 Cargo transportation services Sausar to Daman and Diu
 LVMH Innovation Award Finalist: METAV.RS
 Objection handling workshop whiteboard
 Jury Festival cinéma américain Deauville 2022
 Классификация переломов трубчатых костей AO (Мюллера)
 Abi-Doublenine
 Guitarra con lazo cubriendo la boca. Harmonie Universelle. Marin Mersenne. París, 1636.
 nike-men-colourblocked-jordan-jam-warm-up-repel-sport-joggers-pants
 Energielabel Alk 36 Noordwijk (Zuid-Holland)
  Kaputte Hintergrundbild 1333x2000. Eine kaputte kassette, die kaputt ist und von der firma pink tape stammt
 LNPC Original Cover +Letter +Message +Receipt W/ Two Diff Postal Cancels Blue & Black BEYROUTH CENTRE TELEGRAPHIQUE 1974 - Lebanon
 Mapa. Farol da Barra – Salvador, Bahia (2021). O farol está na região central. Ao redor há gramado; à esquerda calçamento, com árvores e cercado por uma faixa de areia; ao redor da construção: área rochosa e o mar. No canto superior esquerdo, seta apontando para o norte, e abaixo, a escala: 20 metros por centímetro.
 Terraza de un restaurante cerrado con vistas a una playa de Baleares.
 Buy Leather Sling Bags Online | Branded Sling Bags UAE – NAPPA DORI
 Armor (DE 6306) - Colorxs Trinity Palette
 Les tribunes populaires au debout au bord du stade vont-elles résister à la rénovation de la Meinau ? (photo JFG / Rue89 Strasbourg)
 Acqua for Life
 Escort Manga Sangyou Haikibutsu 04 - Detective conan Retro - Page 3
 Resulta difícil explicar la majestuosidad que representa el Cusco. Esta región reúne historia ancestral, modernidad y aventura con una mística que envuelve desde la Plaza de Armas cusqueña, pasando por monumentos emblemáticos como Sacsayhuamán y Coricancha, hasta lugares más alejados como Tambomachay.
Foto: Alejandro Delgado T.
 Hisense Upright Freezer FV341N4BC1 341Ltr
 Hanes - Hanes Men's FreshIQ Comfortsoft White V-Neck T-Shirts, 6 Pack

━━━━━━━━━━━━━━━━━━━━━━━━━━━━━━

What to do
Considering only the material above, set down every line from the one with "Guitarra con lazo" to the one with "LNPC Original Cover", inclusive, exactly as written.

Reply to the task
 Guitarra con lazo cubriendo la boca. Harmonie Universelle. Marin Mersenne. París, 1636.
 nike-men-colourblocked-jordan-jam-warm-up-repel-sport-joggers-pants
 Energielabel Alk 36 Noordwijk (Zuid-Holland)
  Kaputte Hintergrundbild 1333x2000. Eine kaputte kassette, die kaputt ist und von der firma pink tape stammt
 LNPC Original Cover +Letter +Message +Receipt W/ Two Diff Postal Cancels Blue & Black BEYROUTH CENTRE TELEGRAPHIQUE 1974 - Lebanon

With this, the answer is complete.